Thank you for your response! I have a few clarifying questions. If I understand correctly, the following code

def seir_one_step(st0, et0, it0, beta, gamma, delta):
bt0 = st0 * beta
ct0 = et0 * gamma
dt0 = it0 * delta

st1 = st0 - bt0
et1 = et0 + bt0 - ct0
it1 = it0 + ct0 - dt0
return st1, et1, it1

uses mean value of each B[t], C[t] and D[t] to initialize S, E and I for len(C) time steps. Prior to sampling we specify that C[t] and D[t] have binomial distribution with given observed data. However, we do not specify the distribution of B before the line

trace = pm.sample()

Here are my questions:

  1. We are not directly using B, C or D to update S, E, I. (the seir_one_step uses only mean values.) Then how does the observed data affect values of the parameters?
  2. How does the model know B[t] has binomial likelihood? And how does it impute B?

The information is connected through ct = pm.Binomial('c_t', et, gamma, observed=C), where the output variable et is produced by the theano.scan

It does not, but as you are not observing B[t] anyway, it doesnt really matters to have precise likelihood.

I know that I am late to this question and in addition I am asking only a remotely related question, but I am trying to do something similar like light_kira and the inner workings of tt.scan confuse me.

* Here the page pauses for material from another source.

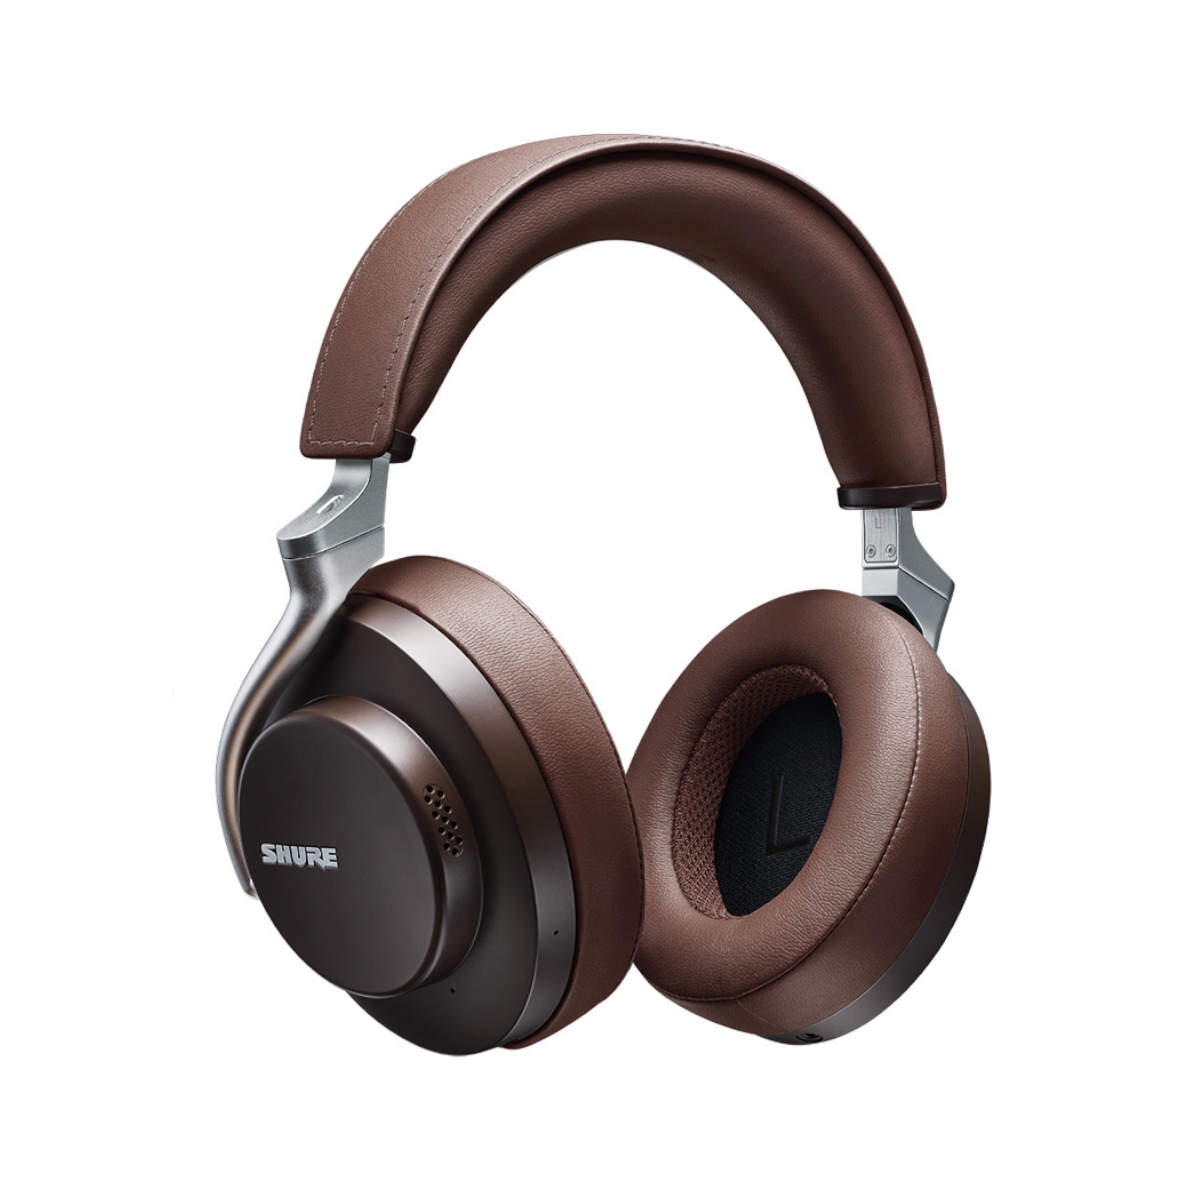 Shure AONIC 50 Wireless Noise Cancelling Headphones (Brown)

I have dummed down the above functionality to:

s0= 100.

C = np.array([3, 5, 8, 13, 21, 26, 10, 3], dtype=np.float64)
D = np.array([1, 2, 3, 7, 9, 11, 5, 1], dtype=np.float64)

def seir_one_step(st0):
st1 = st0 + tt.as_tensor_variable(1.0)
return st1

sk0 = [tt.dscalar() for x in [s0]]
st, updates = theano.scan(fn=seir_one_step, outputs_info=[sk0], n_steps=len©)

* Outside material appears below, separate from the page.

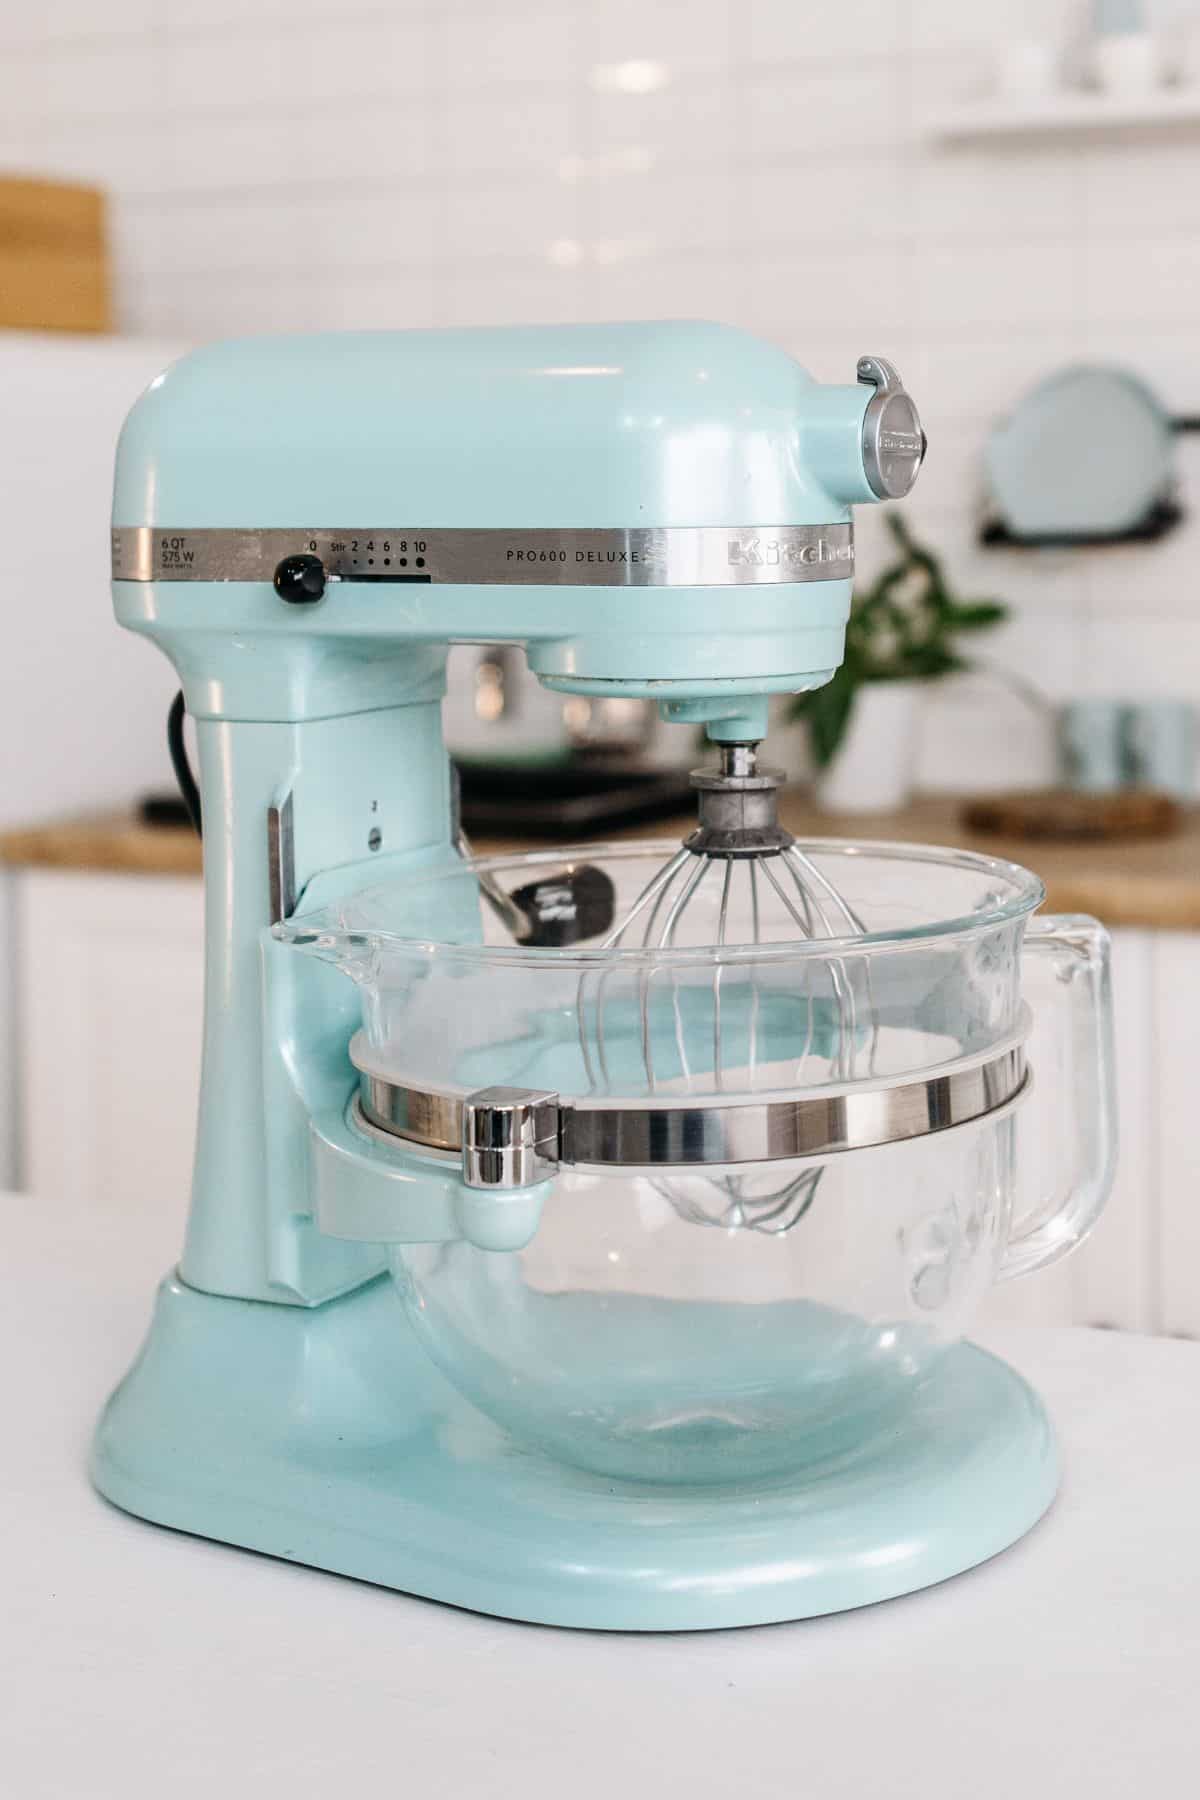 a blue stand mixer on a counter.

f = theano.function(inputs=[sk0], outputs=(st), updates=updates)
f(1.0)
array([[2.],
[3.],
[4.],
[5.],
[6.],
[7.],
[8.],
[9.]])

But this outputs a 2d tensor.

The only way I seem to be able to generate a 1d tensor is by introducing a dummy second variable like this:

s0= 100.
st0 = [theano.shared(x) for x in [s0]]

C = np.array([3, 5, 8, 13, 21, 26, 10, 3], dtype=np.float64)
D = np.array([1, 2, 3, 7, 9, 11, 5, 1], dtype=np.float64)

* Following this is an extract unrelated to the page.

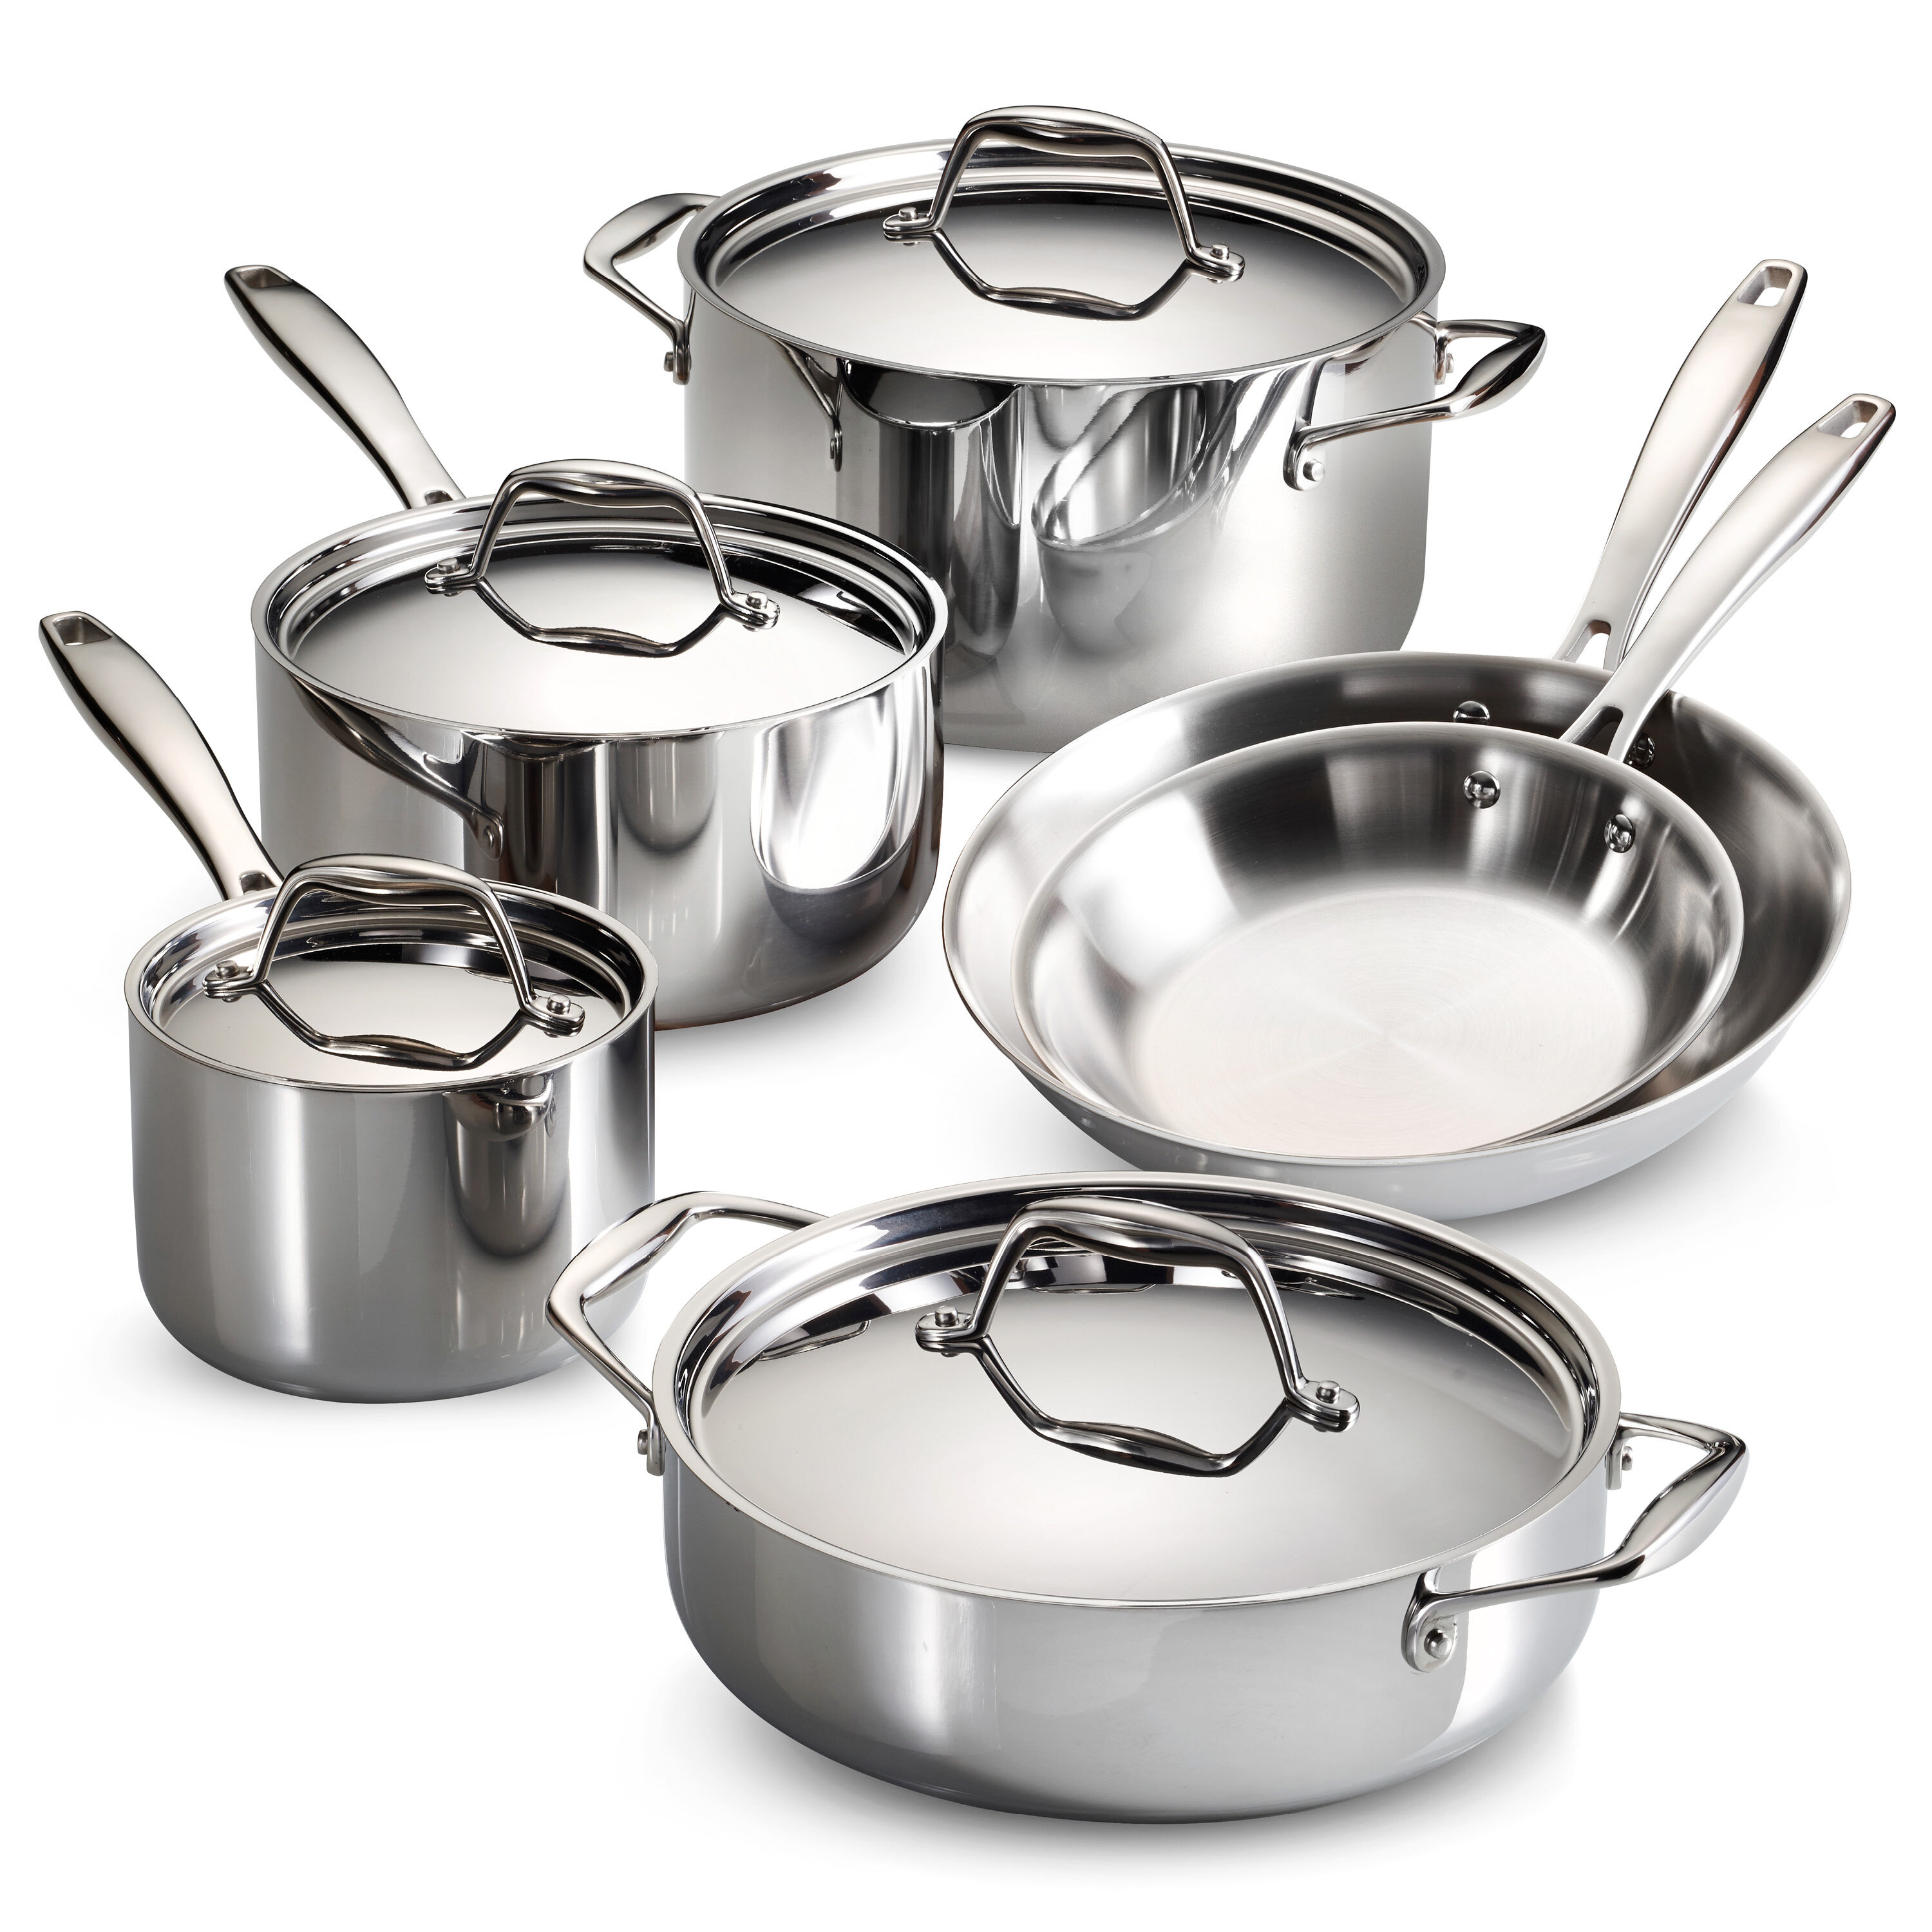 Tramontina Tri-Ply Clad Gourmet 10 Pc Cookware Set

def seir_one_step(st0, dt0):
st1 = st0 + tt.as_tensor_variable(1.0)
return st1, tt.as_tensor_variable(np.array(1.0, dtype=np.float64))

sk0,dk0 = [tt.dscalar() for x in [s0, 1.0]]
(st,_), updates = theano.scan(fn=seir_one_step, outputs_info=[sk0, dk0], n_steps=len©)

f = theano.function(inputs=[sk0, dk0], outputs=(st,), updates=updates)
f(1.0, 1.0)
[array([2., 3., 4., 5., 6., 7., 8., 9.])]

How can I get a 1d tensor as output without having to resort to a dummy second variable?